Not-wendiger Wechsel
Es wird einen Wechsel in der Geschäftsführung geben, heißt es. Gemunkelt wird darüber schon seit einer ganzen Weile, und ich hoffe, dass es jetzt endlich wahr wird. Ich hatte einige hässliche Begegnungen mit der geschäftsführenden Person und frage mich, welche Qualifikationen so jemand haben muss.
Zur Führung eines Unternehmens gehört doch noch mehr als sorgfältiger Umgang mit Geld. Da geht es doch auch um zwischenmenschliche Kompetenzen. So wie beim Tanzen, da genügt es ja auch nicht, wenn die führende Person die Schritte kennt. Es gehört auch ein achtsamer Umgang im Körperkontakt dazu. Wer führt, sollte so führen, dass die folgende Person sich wohlfühlt und beide, also das Tanzpaar, gut aussieht. Wenn die führende Person nur auf die eigene Präsentation achtet, ist das einfach nur ignorant und eine schlechte Führung.
So ähnlich ist es beim Träger, für den ich seit zwei Jahren arbeite.
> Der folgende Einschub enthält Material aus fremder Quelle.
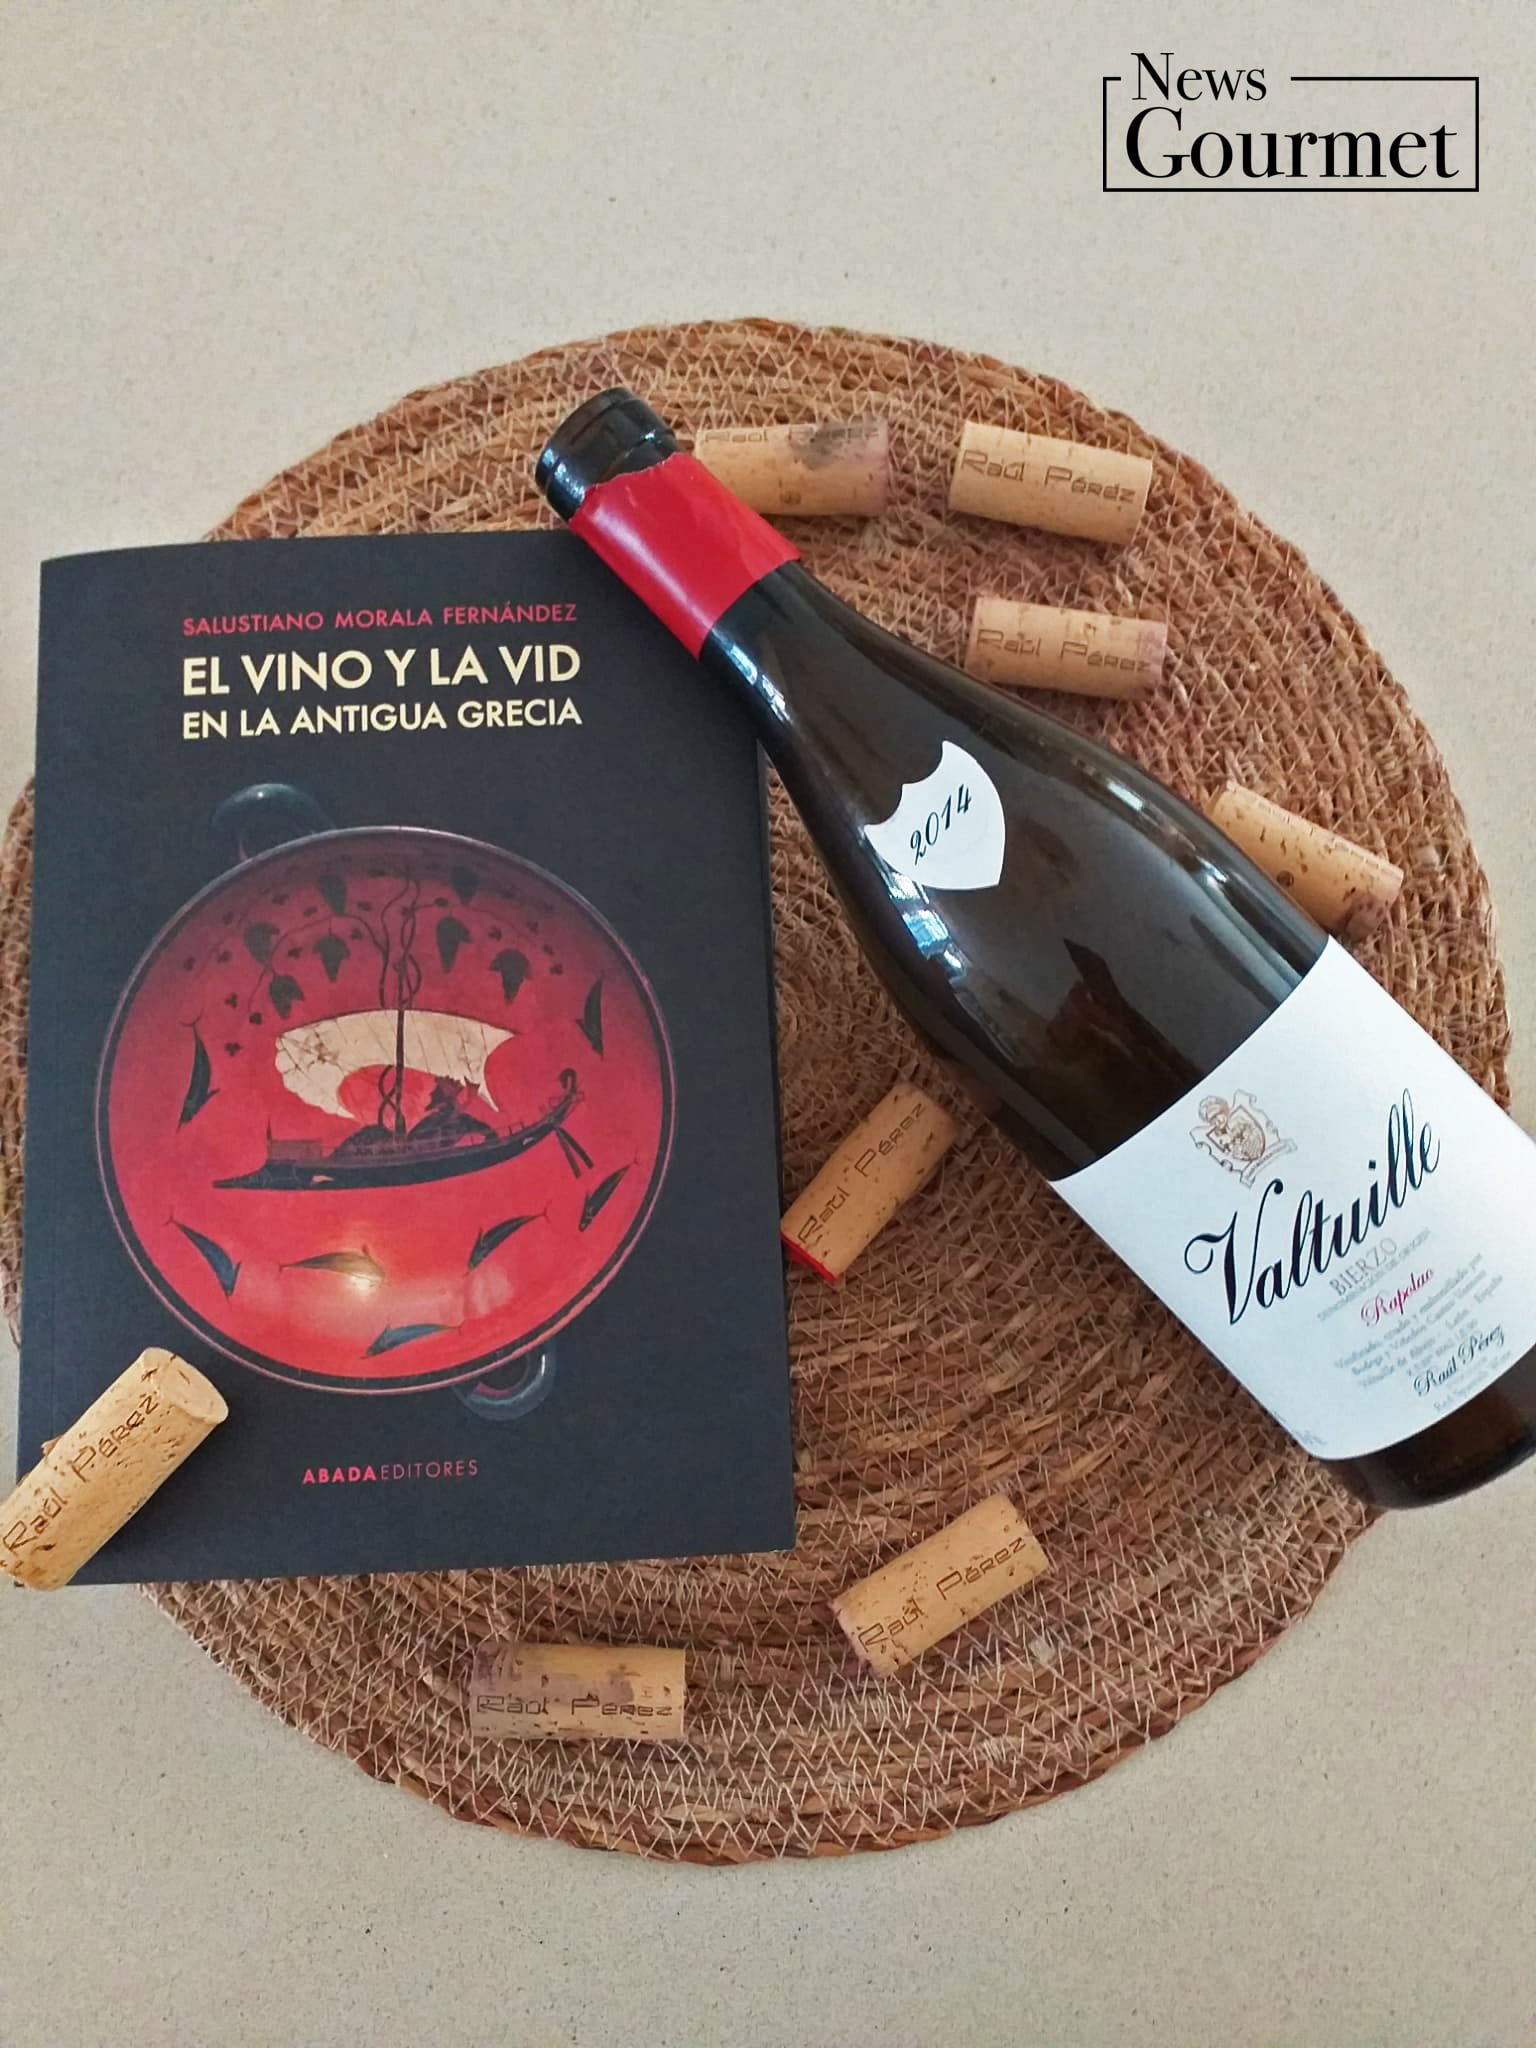 qué vino me bebo - El vino y la vid en la antigua Grecia & Valtuille Rapolao 2014

Die Fassade sieht gut aus, tolle Website, und die Führungsverantwortlichen sind sehr auf die Außenwirkung bedacht. Als ich nach und nach hinter die Fassade schauen konnte, wurde es bisweilen ziemlich gruselig. Auffällig war auch die hohe Fluktuation der Fachkräfte, nicht nur in unserem Miniteam, das eigentlich noch gar kein Team ist. In allen Tätigkeitsbereichen des Trägers ging es zu wie auf dem Bahnhof. Im letzten Jahr kamen sie dann auf die Idee, die ehemaligen Mitarbeitenden zu ihren Kündigungsgründen zu befragen. Ich dachte noch, was für ein Schwachsinn, sollen sie doch mit den Leuten reden, die noch da sind: „Wir möchten, dass ihr bleibt. Was können wir dafür tun?“ Aber einige haben dann wohl doch ausgepackt und als Kündigungsgrund wurde recht häufig das nicht korrekte, und nicht angemessene oder auch übergriffiges Verhalten der geschäftsführenden Person genannt.
Ich war also nicht die Einzige, die da ein Problem hat. Meinen Mund habe ich zwar auch ungefragt aufgemacht, aber meine Meinung, schien niemanden zu interessieren. Um mir Luft zu verschaffen, habe ich eine Absenkung der Wochenarbeitsstunden beantragt und darauf bestanden, meine Überstunden abzubauen. Das bedeutete auch, dass ich keine neuen Familienhilfen annahm. Glücklich war ich nicht, aber eine bessere Lösung konnte ich nicht finden. Und ich las Stellenanzeigen, schrieb Bewerbungen, hatte Vorstellungsgespräche und ärgerte mich mehr als einmal, wenn mir unterirdische Gehälter angeboten wurden. Jetzt sehe ich endlich ein Licht am Ende des Tunnels.
Gestern kam die Einladung zur Gesamtbetriebsversammlung, in der über anstehende betriebliche Veränderungen informiert werden soll. Und in meinem Ohr klingt der Schlager von Marianne Rosenberg: „Marleen, eine von uns beiden muss nun geh’n. Marleen, drum bitt ich dich, geh du, Marleen“.
Oh, ja, bitte geh, damit ich bleiben kann und mitwirken kann um den Bereich ambulante Erziehungshilfen auf stabile Beine zu stellen und verbindliche Qualitätsstandards zu entwickeln, also genau das, wofür ich hier vor zwei Jahren gestartet bin. Die Teamleitungsstelle wird auch neu besetzt, vielleicht kommt die erste ja wieder, die die mich eingestellt hat. Und dann würde ich wieder mit den Stunden raufgehen und die Kinderschutzberatungen in den Kitas würde ich auch gern übernehmen. Die ehemalige Kinderschutzbeauftragte ist auch eine von denen, befragt wurden, warum sie gekündigt haben. Ich traf sie zufällig, und sie hat mir erzählt, was los war und dass sie eine Art Schutz-Konzept für Mitarbeitende entwickeln wollte, als es zum Bruch mit der Geschäftsführung kam. Ich würde mich freuen, wenn sie zurückkommt und eine andere Person endlich geht.
Ich singe: „Maarleeen, nun wird es Zeit für dich zu geh’n“.